Eugene J. Koay: translating promising new radiation technologies to patients with gastrointestinal cancers

Editor’s note

Gastrointestinal (GI) cancer refers to the group of cancers that affect the digestive system. This includes cancers of the oesophagus, stomach, liver, pancreas, gallbladder and biliary tract, small intestine, colon, rectum and anus. GI cancers are regarded as a highly virulent neoplasm with both high morbidity and mortality. Collectively, they are a major cause of morbidity and mortality worldwide (1). Over the past half century, modern radiation therapy has been established and slowly evolved to treat different kinds of GI cancers. However, challenges remain in giving accurate and safe radiation delivery.

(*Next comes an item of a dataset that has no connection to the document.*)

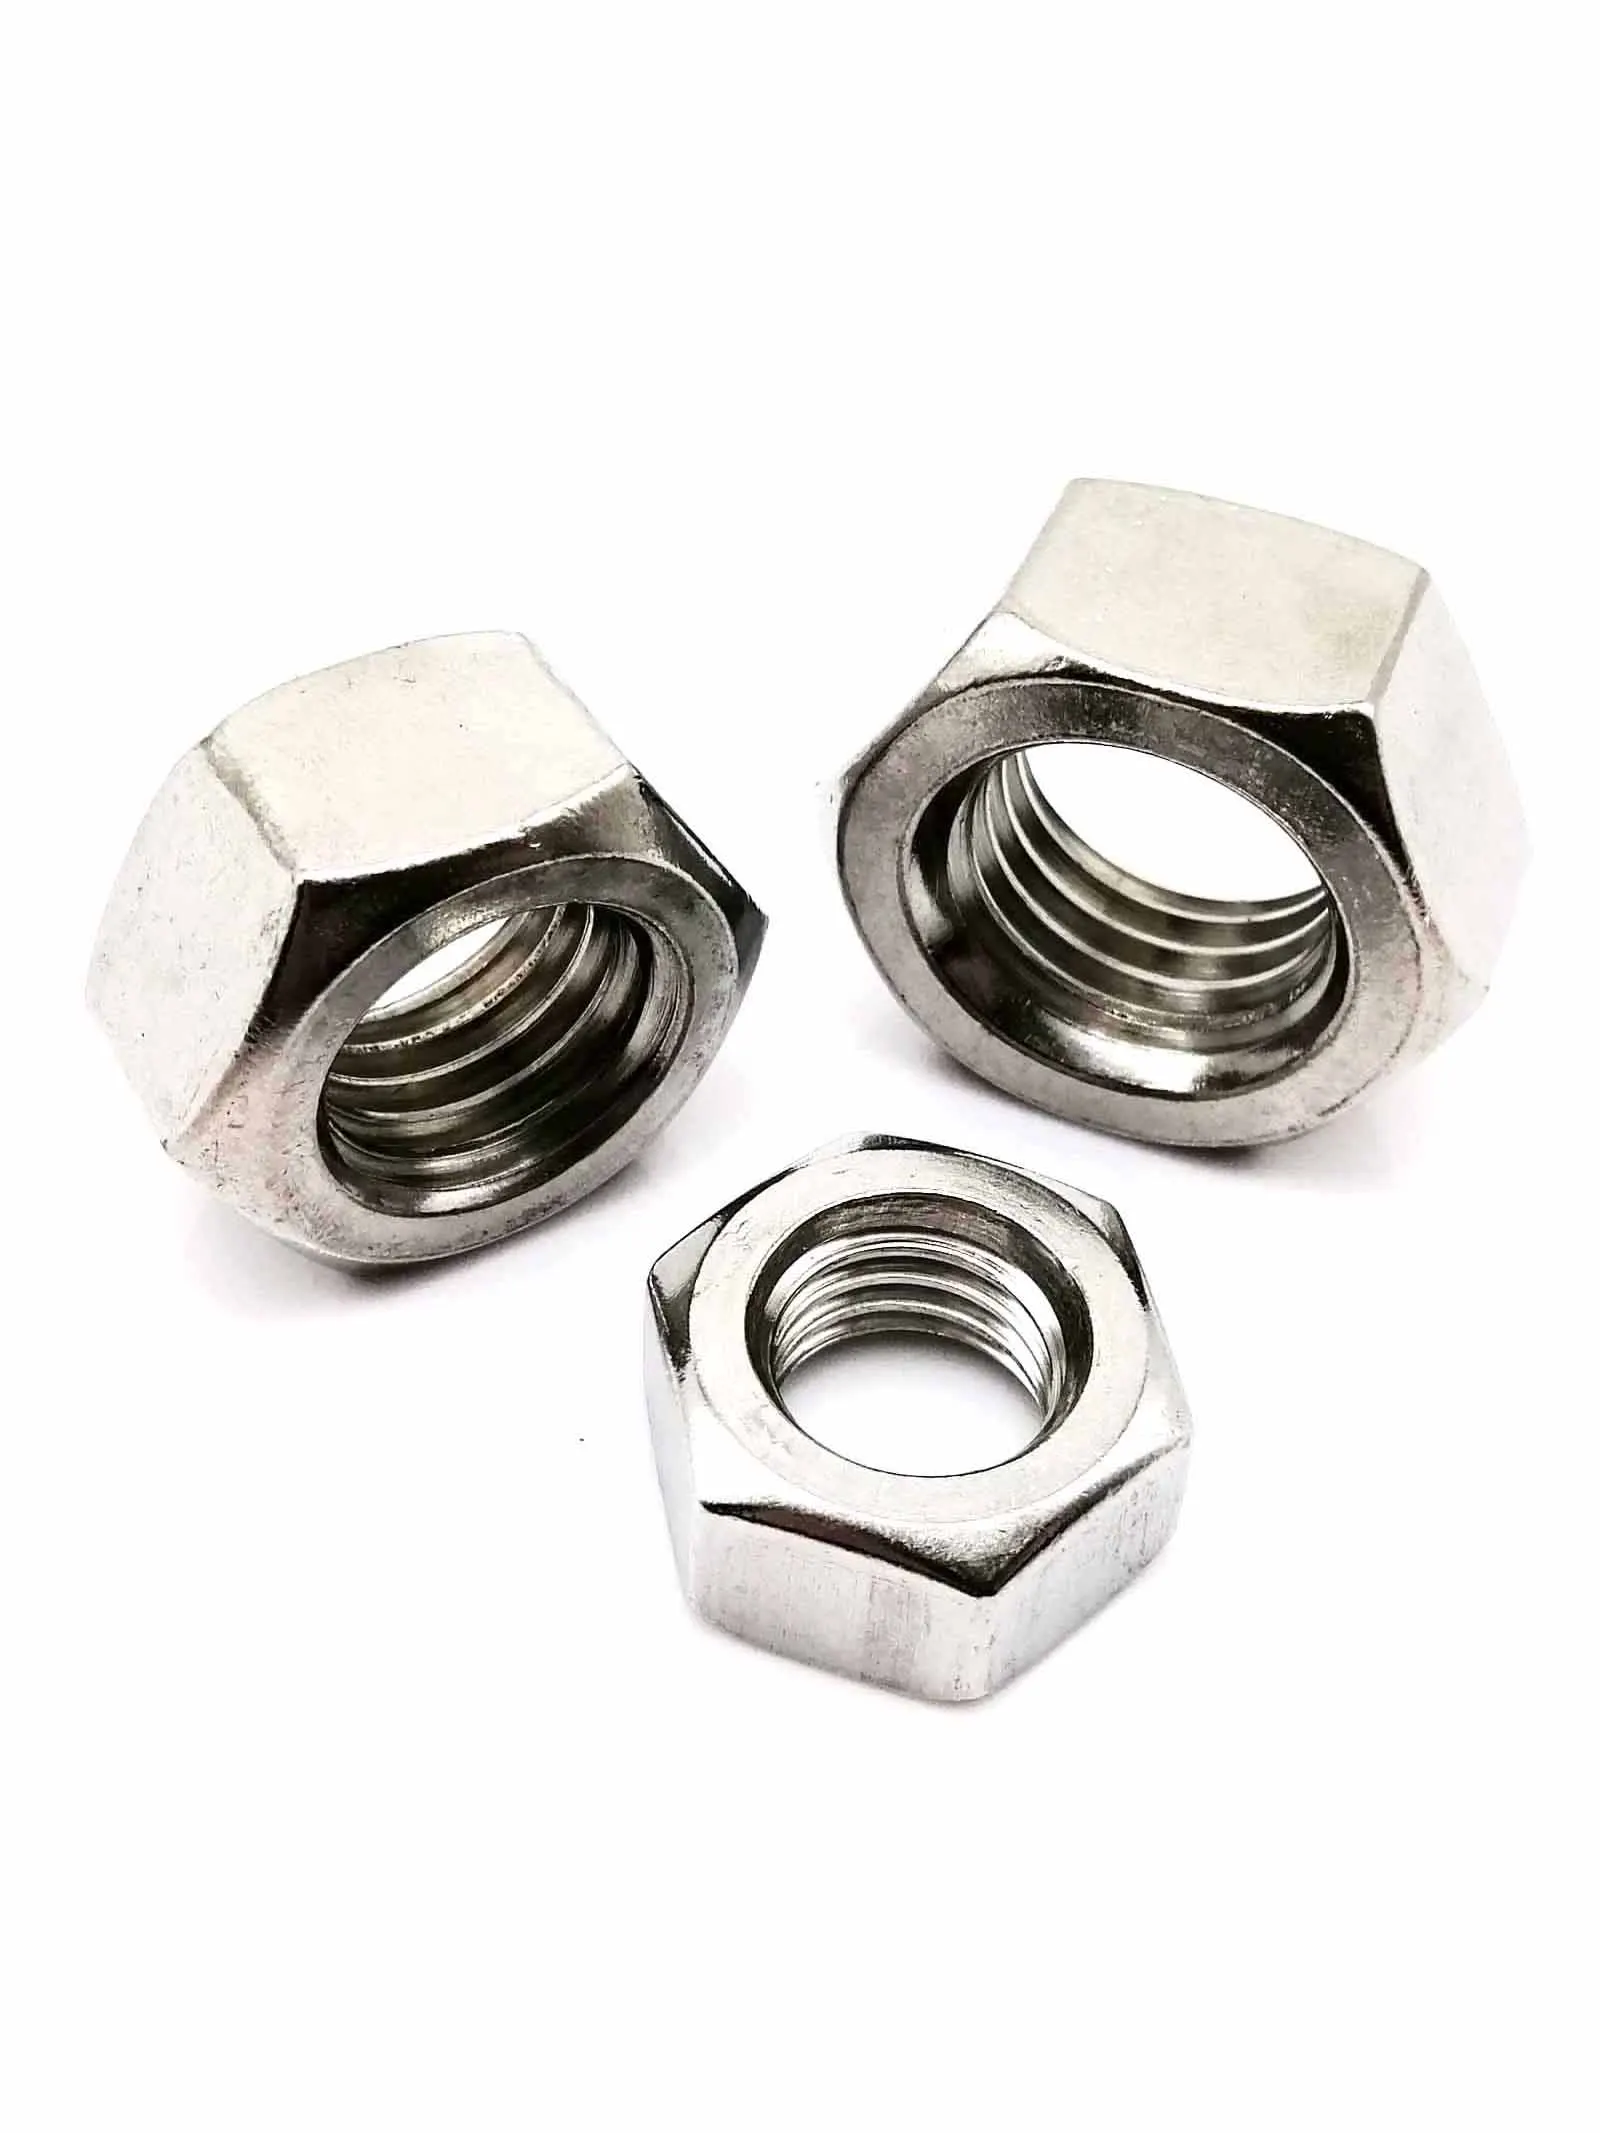 10 Nylon Insert Lock Nut Set 5/16 Inch Diameter Hole 304 SS Stainless Steel 18

This time, Annals of Pancreatic Cancer (APC) is pleased to invite a well-recognized expert in the field of modern GI radiation therapy, Prof. Eugene J. Koay (Figure 1) from Department of Radiation Oncology, The University of Texas MD Anderson Cancer Center, for an interview, in which he will share with us his daily routine at MD Anderson Cancer Network, the clinical trials that his team is currently working on, the merits and shortcomings of various radiation therapy techniques, how radiation treatment can be made personalized, and many other interesting facts and stories behind the scene.

Figure 1 Prof. Eugene J. Koay.

Expert’s introduction

Eugene J. Koay, MD, PhD, currently serves as an Assistant Professor in the Department of Radiation Oncology, Division of Radiation Oncology, The University of Texas MD Anderson Cancer Center, Houston, TX, USA. He has served as a Co-Director of Gastrointestinal Radiation Oncology for the MD Anderson Cancer Network and has a joint appointment as an Assistant Member, Department of Department of Nanomedicine, Houston Methodist Research Institute, Houston, TX, USA.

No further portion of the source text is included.